# [ASSIGNMENT]
Images should be left out, and everything else in the listing reproduced exactly.
==== COLLECTED MATERIAL
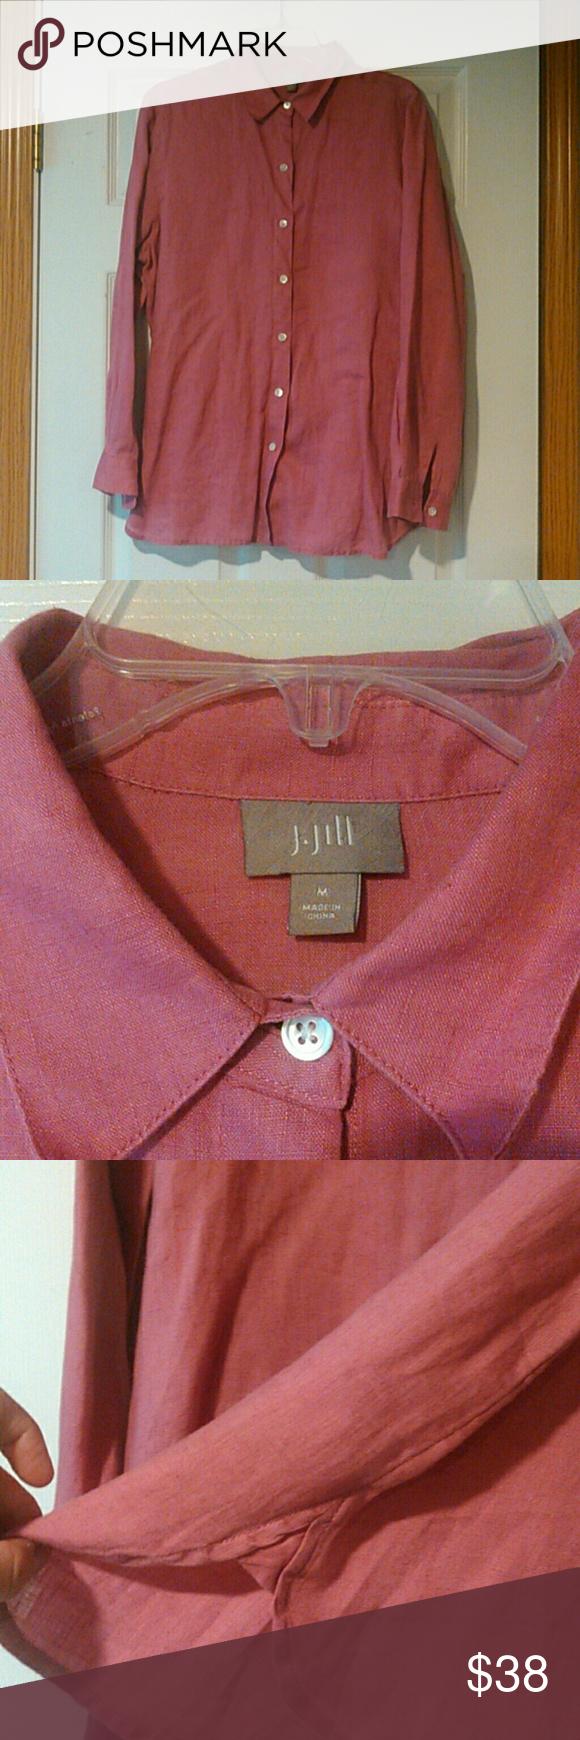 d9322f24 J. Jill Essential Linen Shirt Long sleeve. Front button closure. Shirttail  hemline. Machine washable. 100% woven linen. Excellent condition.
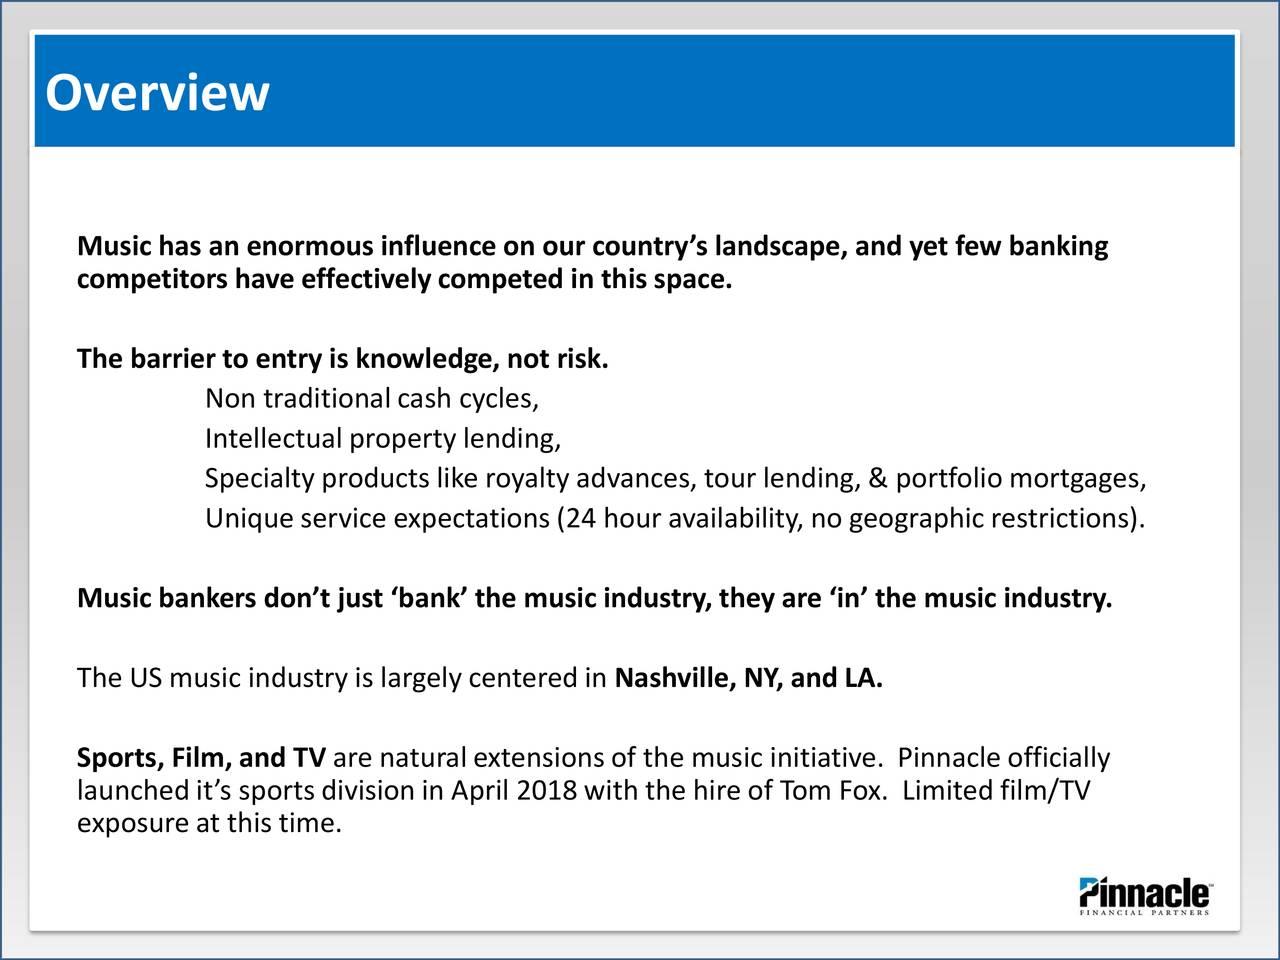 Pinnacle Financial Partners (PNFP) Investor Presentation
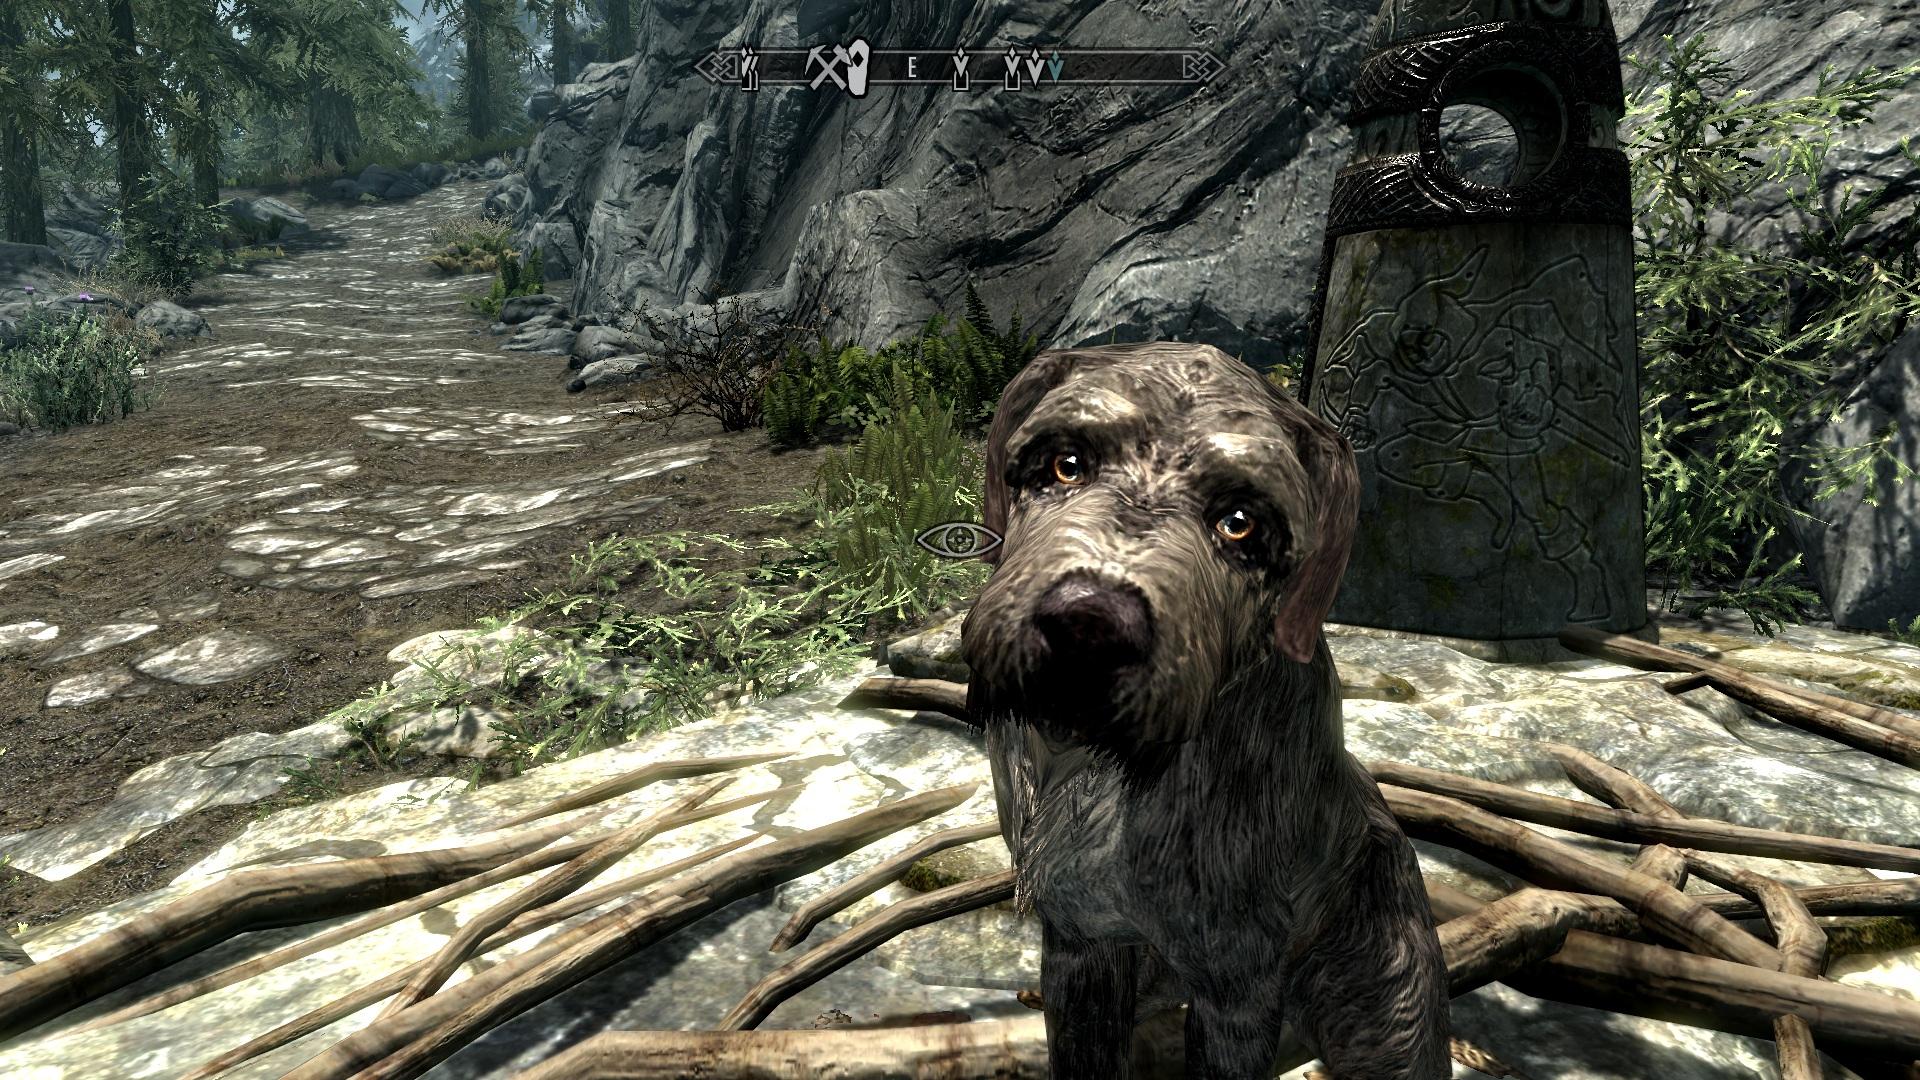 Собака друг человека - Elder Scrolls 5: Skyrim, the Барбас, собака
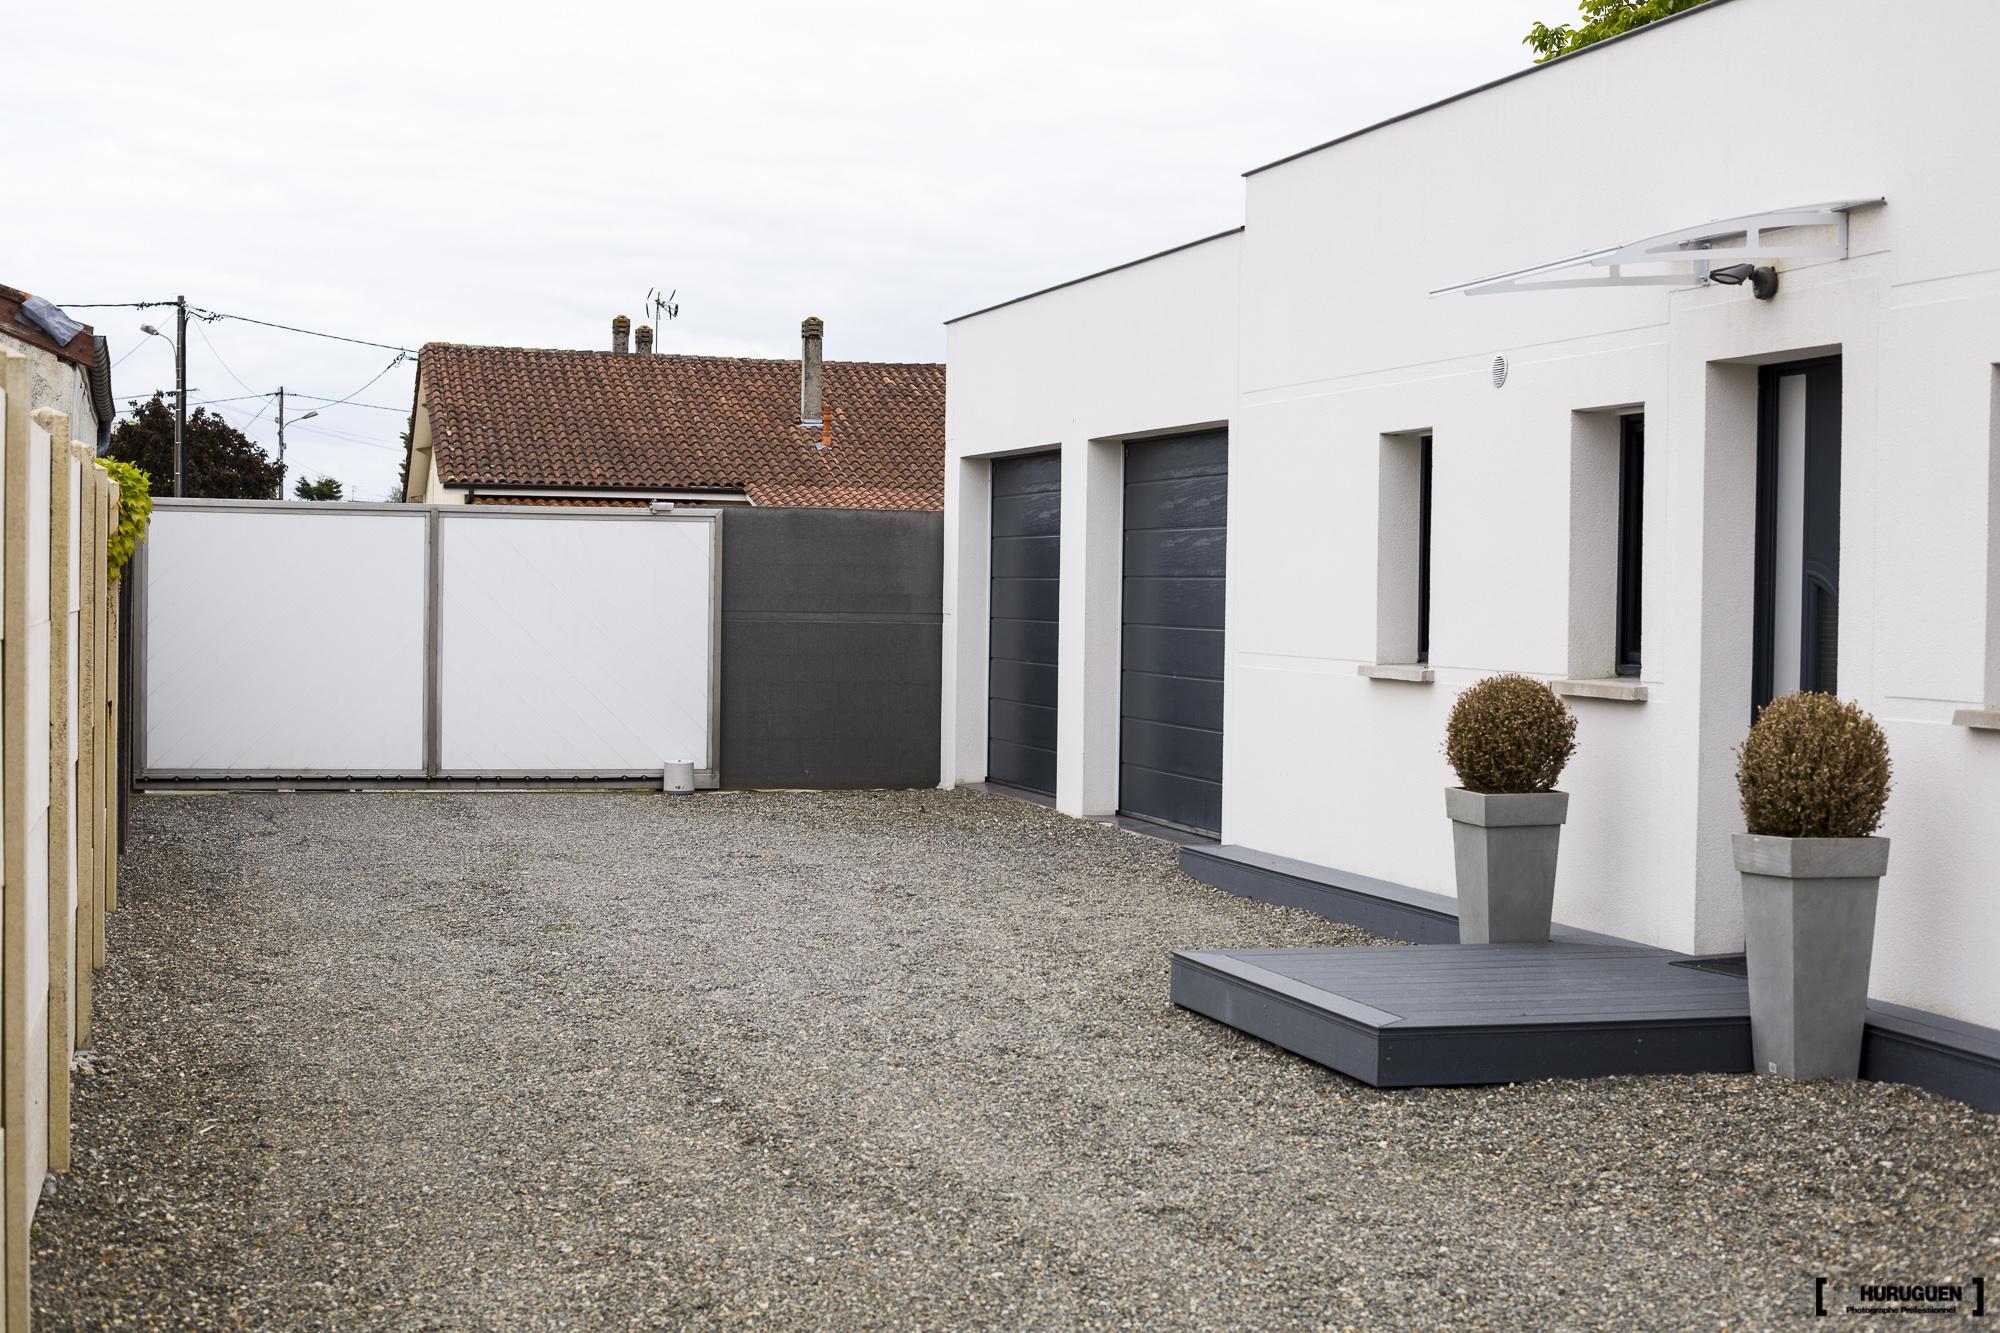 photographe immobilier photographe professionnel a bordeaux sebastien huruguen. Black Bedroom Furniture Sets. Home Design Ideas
========
# [REPLY]
 d9322f24 J. Jill Essential Linen Shirt Long sleeve. Front button closure. Shirttail  hemline. Machine washable. 100% woven linen. Excellent condition.
 Pinnacle Financial Partners (PNFP) Investor Presentation
 Собака друг человека - Elder Scrolls 5: Skyrim, the Барбас, собака
 photographe immobilier photographe professionnel a bordeaux sebastien huruguen. Black Bedroom Furniture Sets. Home Design Ideas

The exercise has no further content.